# How long does your farrier take ...



## Nickijem (12 November 2007)

... to shoe one horse?
My farrier takes about 1hr and 40mins to do one which meant I was standing in the cold tonight from 4:00 til about 7:15 as he had mine and my friend's horse to shoe.
I was blooming freezing! I'm sure it only used to take him about 1hr 15 but tonight he took forever.
I don't want to moan about it really cos he is really good and I know he does a good job but should it really take that long?!!


----------



## Tia (12 November 2007)

Oh god no way!  My farrier takes about 20 minutes to fully shoe a horse.  He trims our 40 horses in about 2 or 3 hours depending on how much we chatter.


----------



## monica987 (12 November 2007)

Ours takes about 20 mins to trim and shoe a fully shod horse. Very quick and efficient and never had any problems with shoeing.


----------



## Donkeymad (12 November 2007)

About an hour to remove and replace shoes on one horse.(Hot shod)


----------



## Nickijem (12 November 2007)

I wish mine could be so quick.  My horse, Jerry, is as good as gold to shoe but after so long he just gets fed up and starts fidgeting but I can't blame him!


----------



## Irishcobs (12 November 2007)

45 mins to an hour to remove trim and put new one (hot shod).

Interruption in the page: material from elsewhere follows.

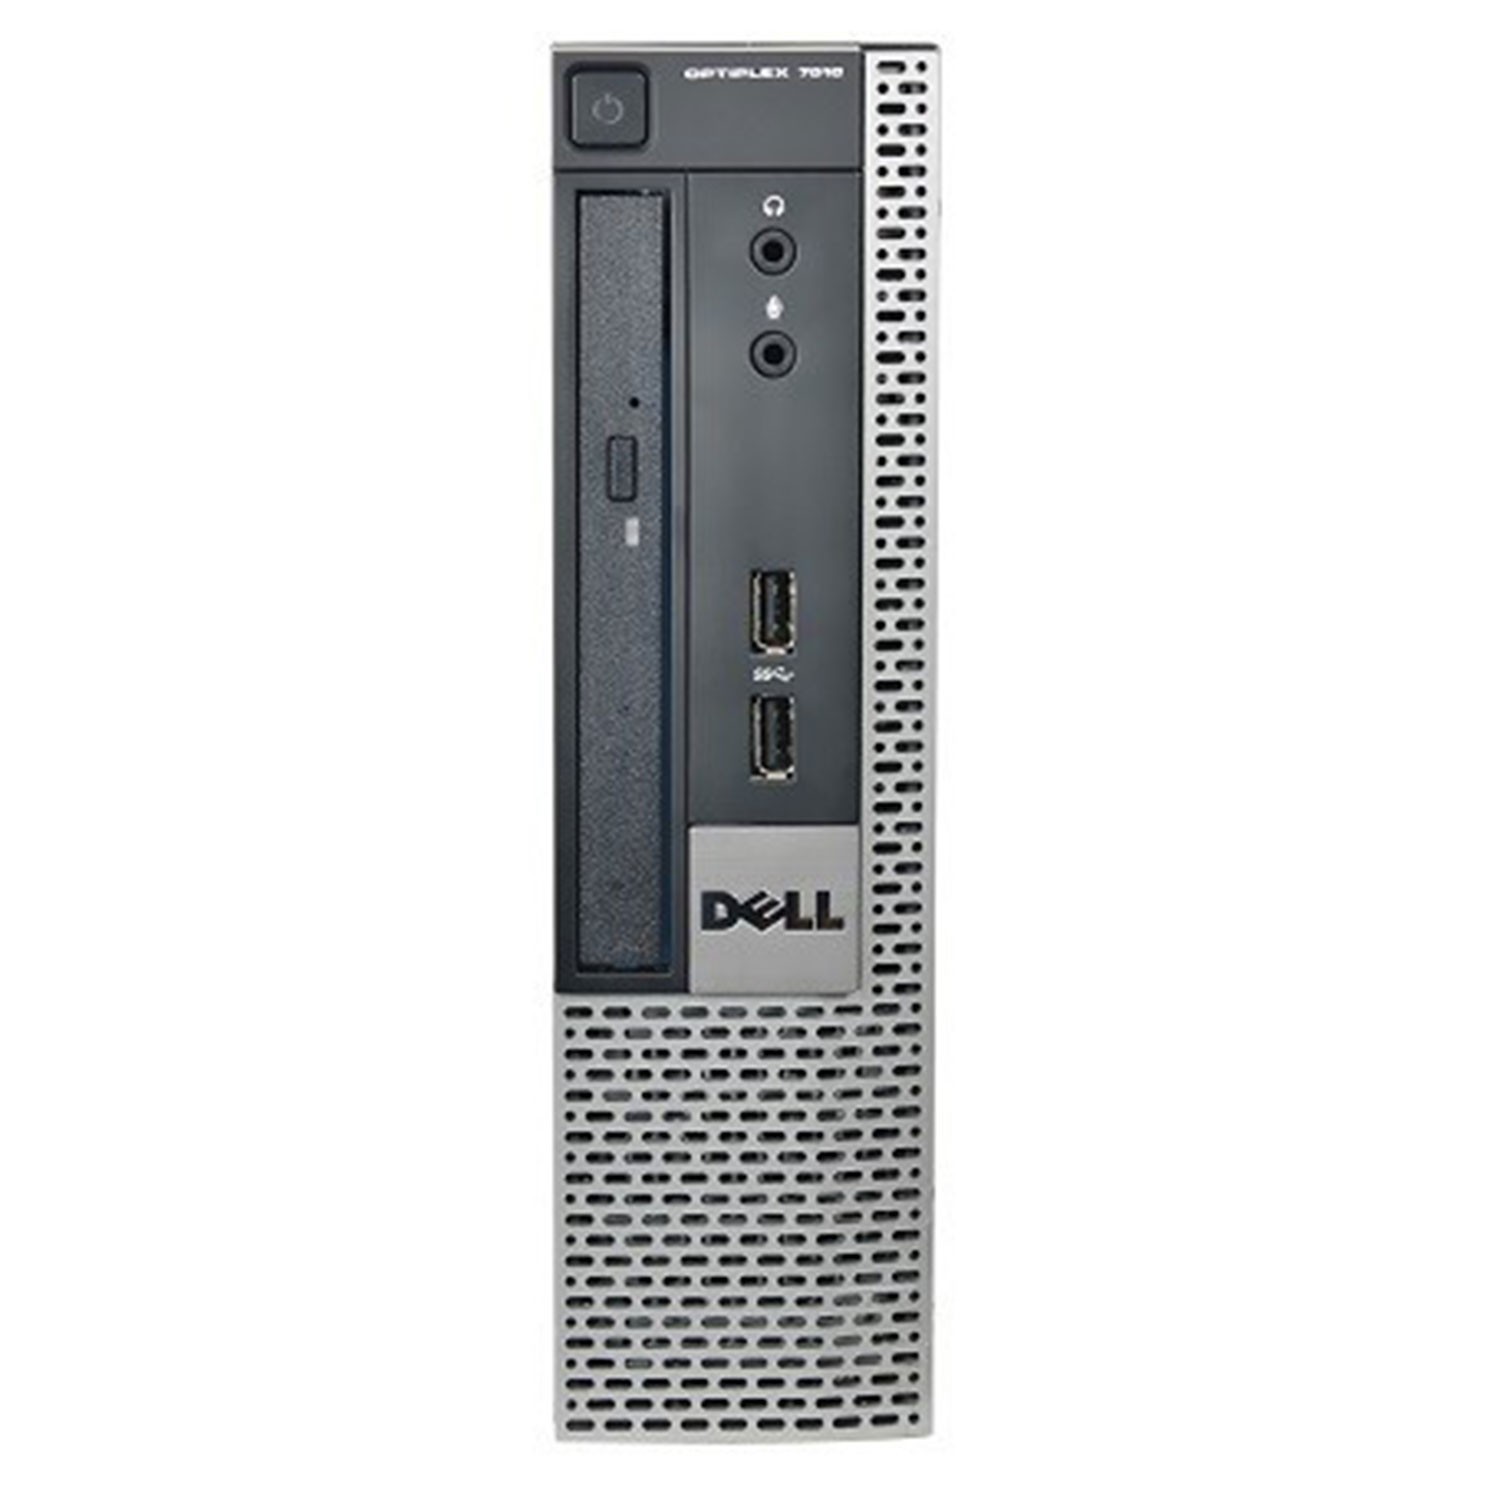 Refurbished Dell 7010/i7-3770/4GB RAM/250GB HDD/DVD-RW/Windows 10/B 
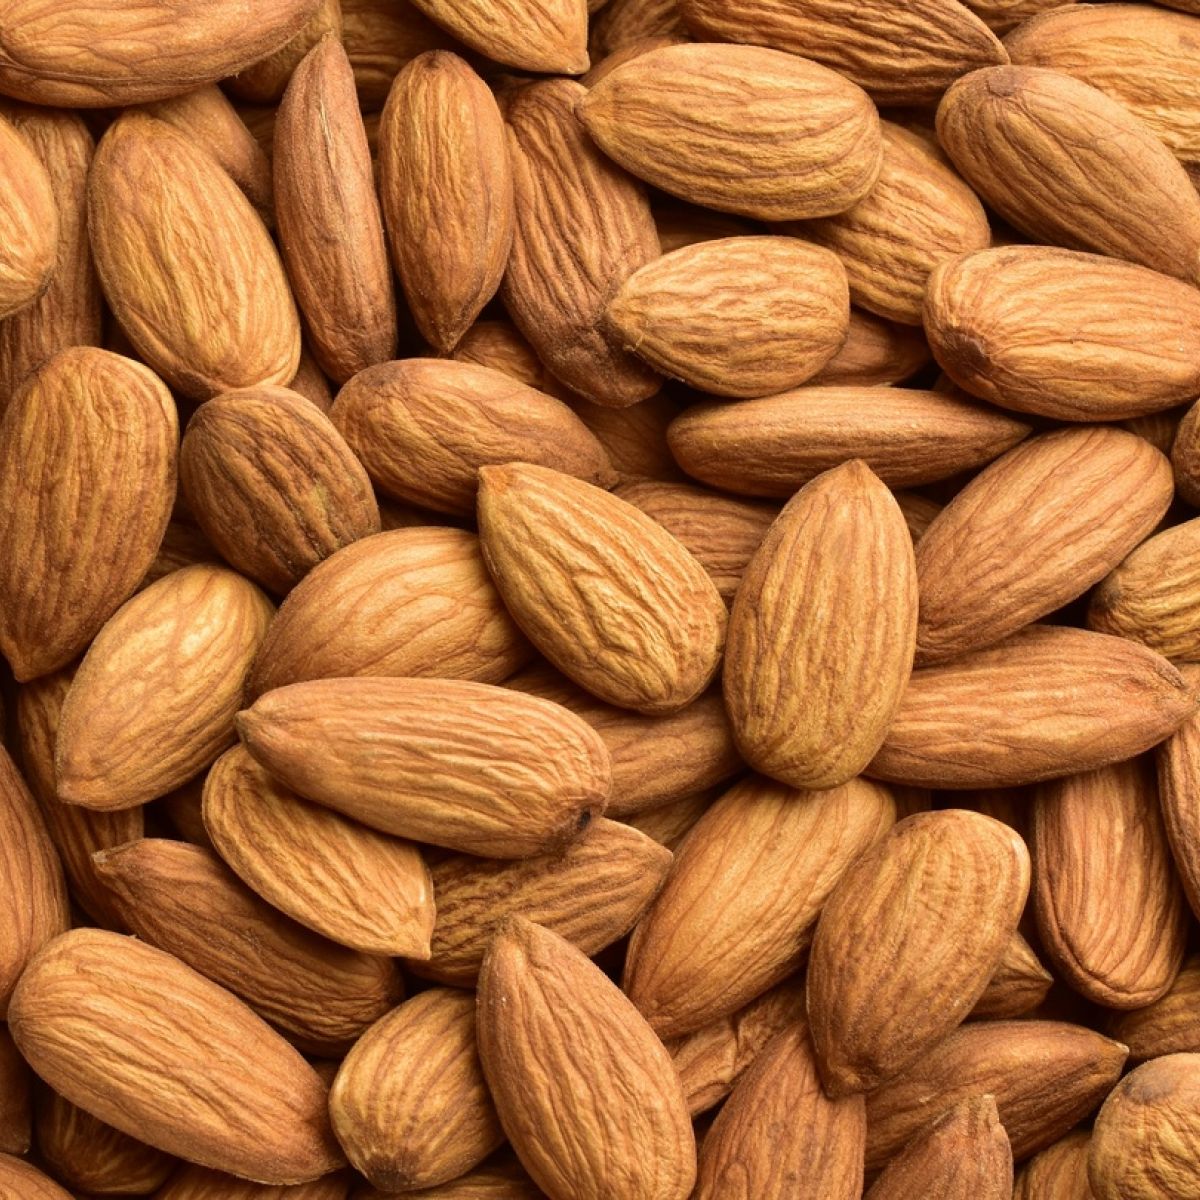 jord Kriminel eksil Are almonds bad for the environment?

He used to make the shoes as well so it used to take about 2 hours per horse.


----------



## zigzag (12 November 2007)

45 mins to remove shoes, trim and hot shoe, sometimes quicker sometimes longer depending if he has coffee or not


----------



## Llwyncwn (12 November 2007)

45 mins, hot shod and time served.


----------



## hadfos (12 November 2007)

[ QUOTE ]
About an hour to remove and replace shoes on one horse.(Hot shod) 

[/ QUOTE ]
Same!!


----------



## Nari (12 November 2007)

Depends how many coffees he needs!

Seriously, I've never timed him &amp; he often has an apprentice to deshoe &amp; finish off but there's no way he takes 1hr 40min despite doing a very thorough job.


----------



## measles (12 November 2007)

About 20mins cold shod and never had any problems


----------



## Nickijem (12 November 2007)

I thought it seemed a long time - the thing is, I don't know why he is so slow as he doesn't really stop to chat but it seems he doesn't have an efficient way of spending his time! Jerry and Winnie are hot shod I forgot to say but I can see other people have also said their's are hot shod but it still takes less than an hour!


----------



## mickey (12 November 2007)

45 mins to an hr to trim and hot shoe. He loves a good old natter though, so that slows him down a bit!


----------



## Nailed (12 November 2007)

It takes us about 30 to 45 for a full set hot.
It takes us 20 to 30 for a full set of refits.
It takes about 30 for a full set cold
A trim takes around 15 mins all feet taken forward.
A pair takes 20 to 30 mins.

Lou x


----------



## Chex (12 November 2007)

About 40 mins usually, slightly quicker if its refits.


----------



## Nickijem (12 November 2007)

Well it has taken til now for me to thaw out after tonights visit from the farrier. Hopefully he won't be that slow again!


----------



## Nailed (12 November 2007)

Give the bloke a break.. He was probably doing a bloody good job!


----------



## Gorgeous George (12 November 2007)

takes mine about 45mins to trim and hot shoe.


----------



## Nickijem (12 November 2007)

Oh I know - he does do a bloody good job and after all - he was out there in the freezing cold tonight too!
I just wish he could be a bit more efficient!!


----------



## Patches (12 November 2007)

My farrier takes ages to shoe Patches because she's tricky to shoe....not behaviourally, but her shoes are tricky to make up. 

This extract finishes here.